2x21: A Roomba for Companionship

Stuart Langridge, Jono Bacon, and special guest presenter Alan Pope from the Ubuntu podcast and Canonical and Ubuntu (standing in for Jeremy while he tours Europe) present Bad Voltage, in which popey has a hundred job titles, we race to put out the show before the Ubuntu Podcast people do, and:

  • [00:02:20] In the news: Sony Japan announces a next generation "Aibo" personal canine robot, causing extreme Jono mockery for buying an early protoaibo years ago... everyone hates Perl, Delphi, and VBA, in more shocking reveals from Stack Overflow... Google Drive is locking some docs from sharing because they are "violations of the terms of service"... Github publish State of the Octoverse 2017, where there are 25 million active repositories, all of which are new JavaScript web frameworks... bloke says that nobody uses libraries and librarians are "sad people who can't get proper work", gets 110,000 replies vehemently disagreeing: watch out for librarians, they're tough... Man takes daughter to his work at Apple, lets daughter film new unreleased iPhone X and publish the video, gets fired, not all that surprisingly
  • [00:42:35] Ubuntu release the new 17.10 release, and we talk to Alan about it
  • . This leads into discussions of being data-driven when planning, what the deal with snaps are, and upstream relationships
  • And news on recent conferences: Jono at Open Source Summit Europe, Alan at Freenode #live, and Stuart at Hackference

Download from http://www.badvoltage.org/2x21/ now!

1 Like

That was fun, thanks @sil & @jonobacon for asking me to be on, and thanks to @jeremy for not being there :wink:

5 Likes

I enjoyed @popey on the show. It would be very nice to have him on more, or maybe even the fourth wheel on the BV vehicle? Just a thought! :slight_smile:

As to libraries, I am not able to buy books at will. So, I find the library useful to see if I want to make that purchase. It has saved me much over the years.

3 Likes

Regarding the “Google (accidentally) blocks documents” story:

I take issue with @sil 's description of this being “probably a bug”.
I’m not saying it’s not a bug, it might be.
But what’s more likely is that it’s (from the perspective of the google engineer in charge of this) a “misclassification”.
The immediate difference for the person on the other end of that piece of code might seem small, but conceptually it’s different.
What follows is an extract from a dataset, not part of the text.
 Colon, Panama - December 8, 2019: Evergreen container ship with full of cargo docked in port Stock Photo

When you fing a bug: you fix it, and the problem goes away.

When you have misclassifications: you can

  • get more data (e.g. this new and interesting data point we just got from an angry journalist who had her stuff blocked)
  • tweak your hyper-parameters
  • switch your learning algorithm.

None of which fundamentally solve the problem that a machine will make mistakes at the highly contextual task of deciding what is or isn’t fit for public consumption in terms of opinions expressed, visual content, fair use, … The questions that program should magically solve have kept lawyers and judges their salaries for years and years.

And the problem doesn’t stop there either. As you guys mentioned about youtube demonetization: these little “nudges” don’t necessarily prevent this work (video in the case of youtube) from being published. They really take away from the next work of the creator.
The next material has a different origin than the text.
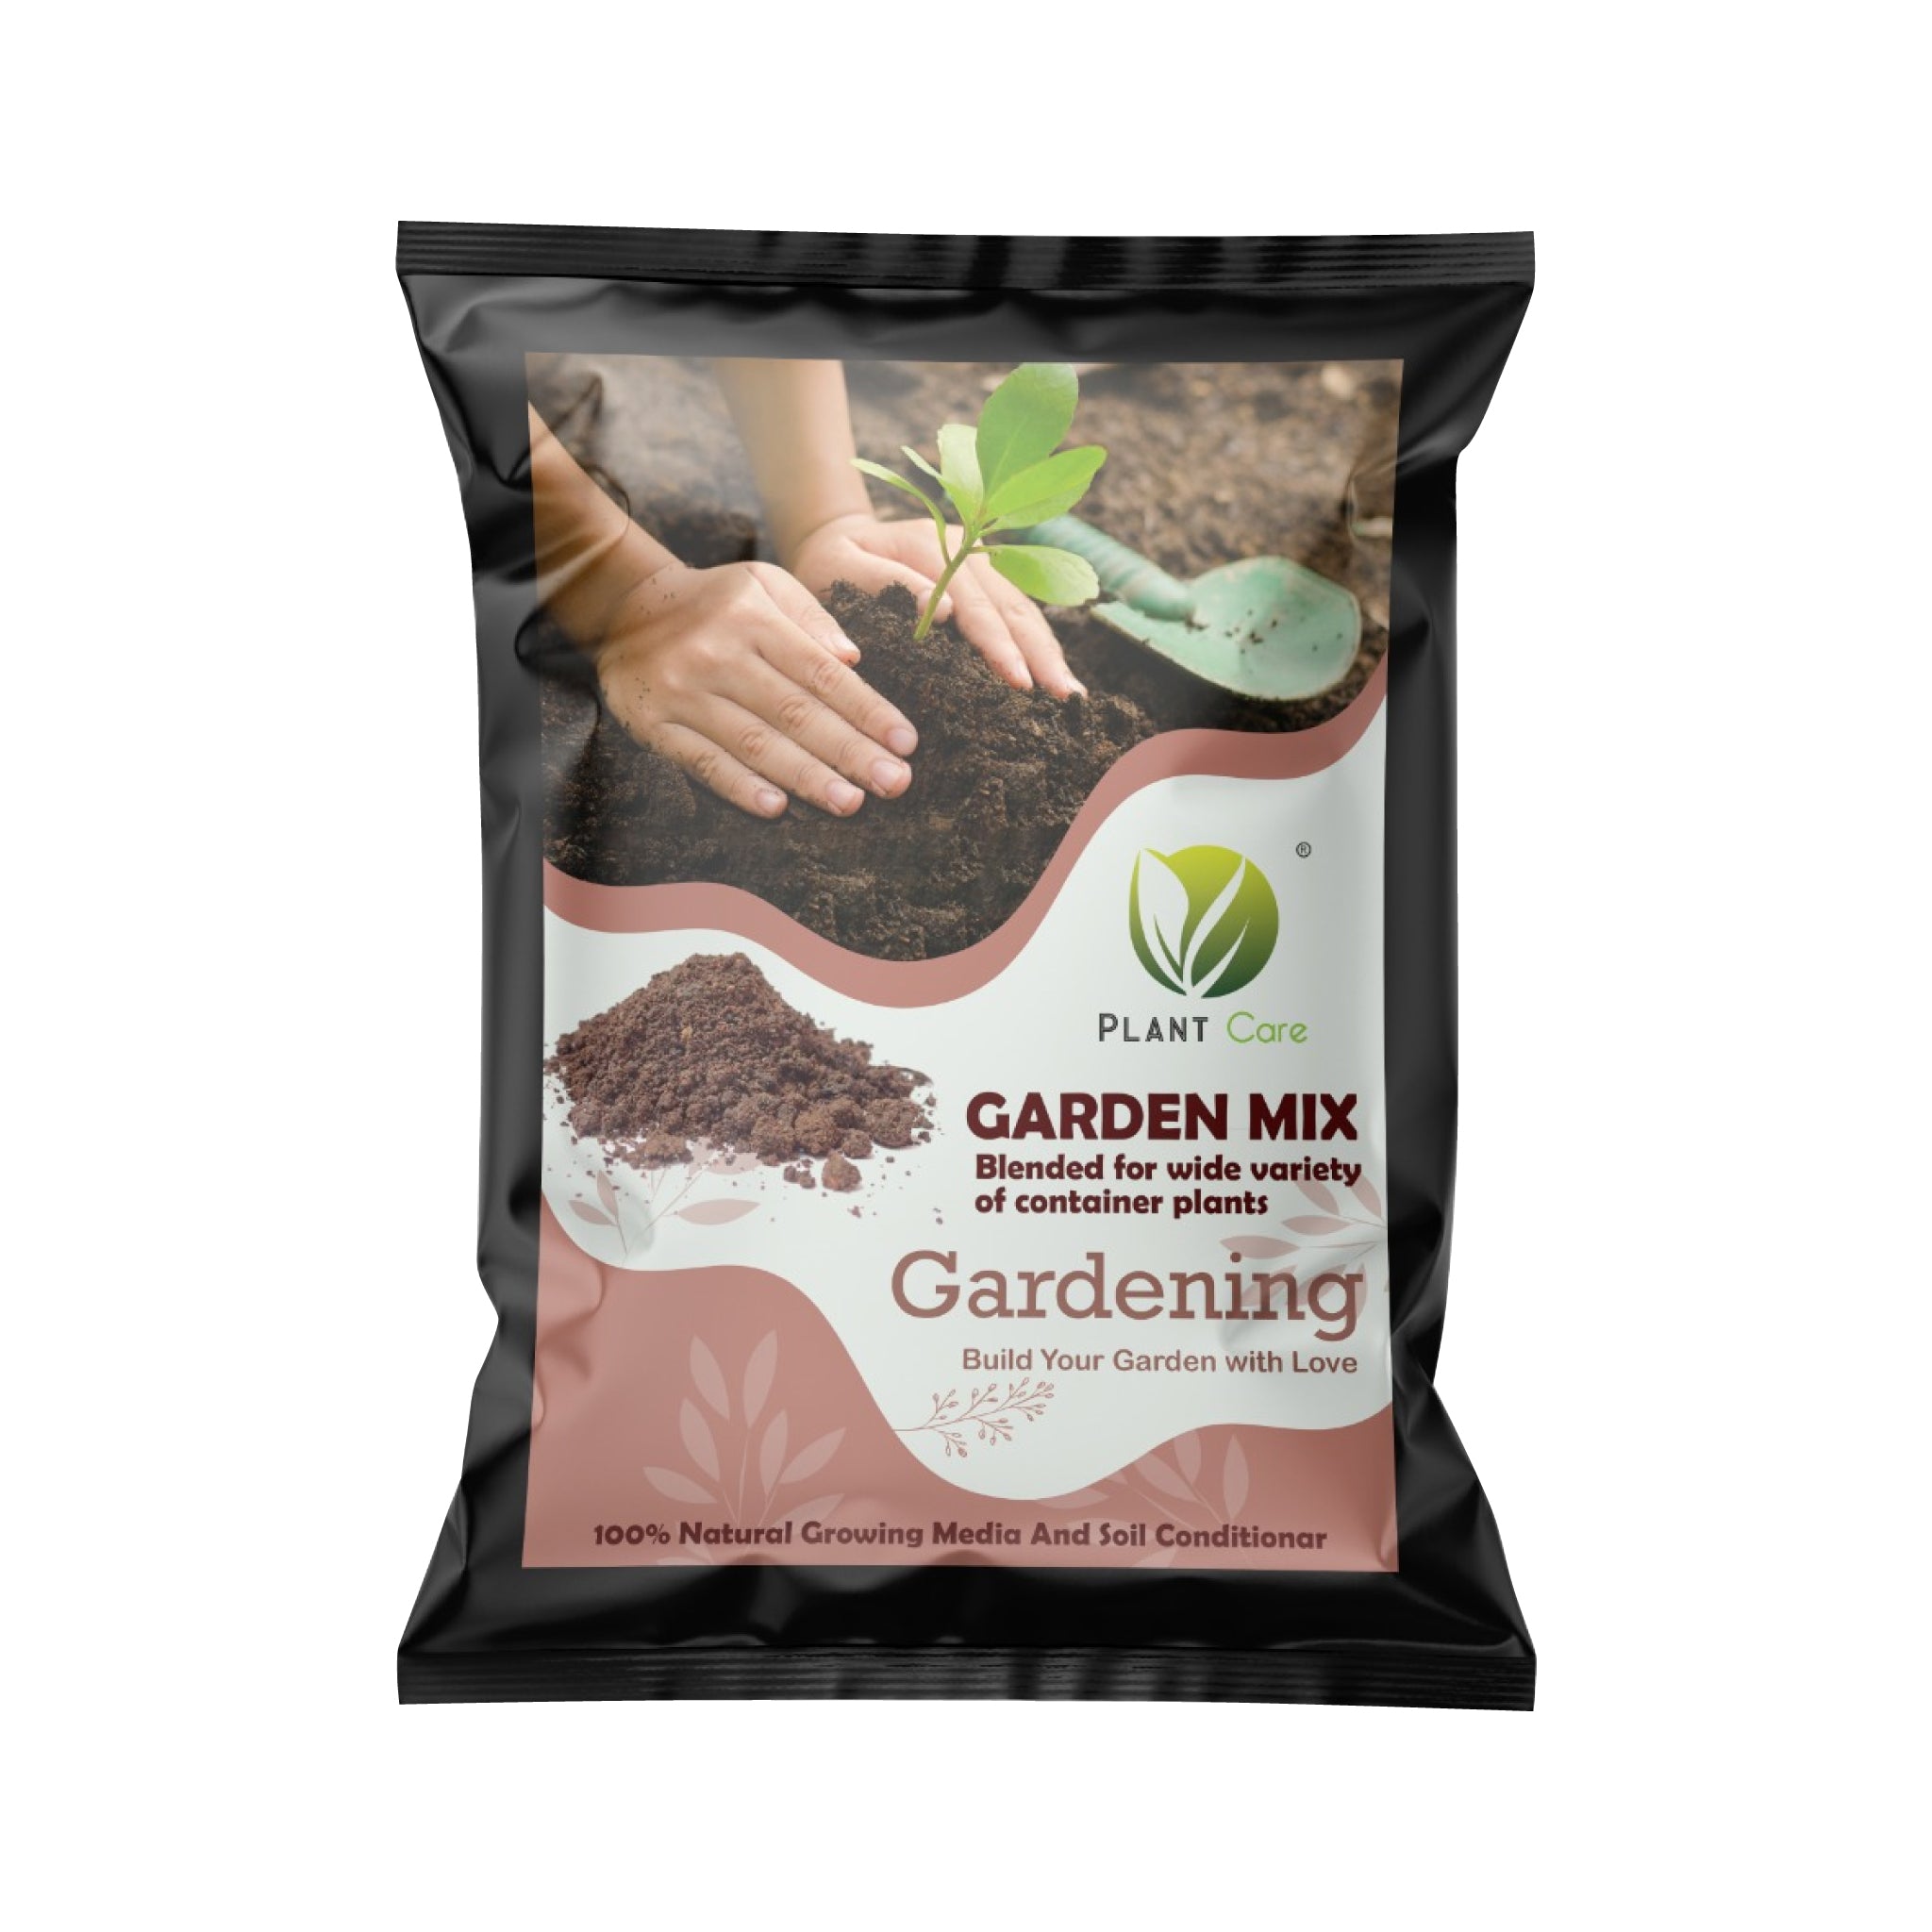 Grow healthy plants with our garden mix

These learning systems will always fail most easily and most visibly in the fringes of what they see. It is not often that a google-docs content-bot gets to see a well-researched investigational piece on the dark web, so data in that part of its input space is relatively sparse and its estimations will therefore have more variance.
The little nudges will (nearly) always drive people more towards (what the computer perceives to be) The Norm ™.
We already have spheres where we can see what this leads to: airports. Any kind of “unnormal” behaviour in an airport can easily get you into trouble (more easily depending on what your looks…) and nowhere do people look as normal as there.

I’m curios @jonobacon why is iPhone 10 weird?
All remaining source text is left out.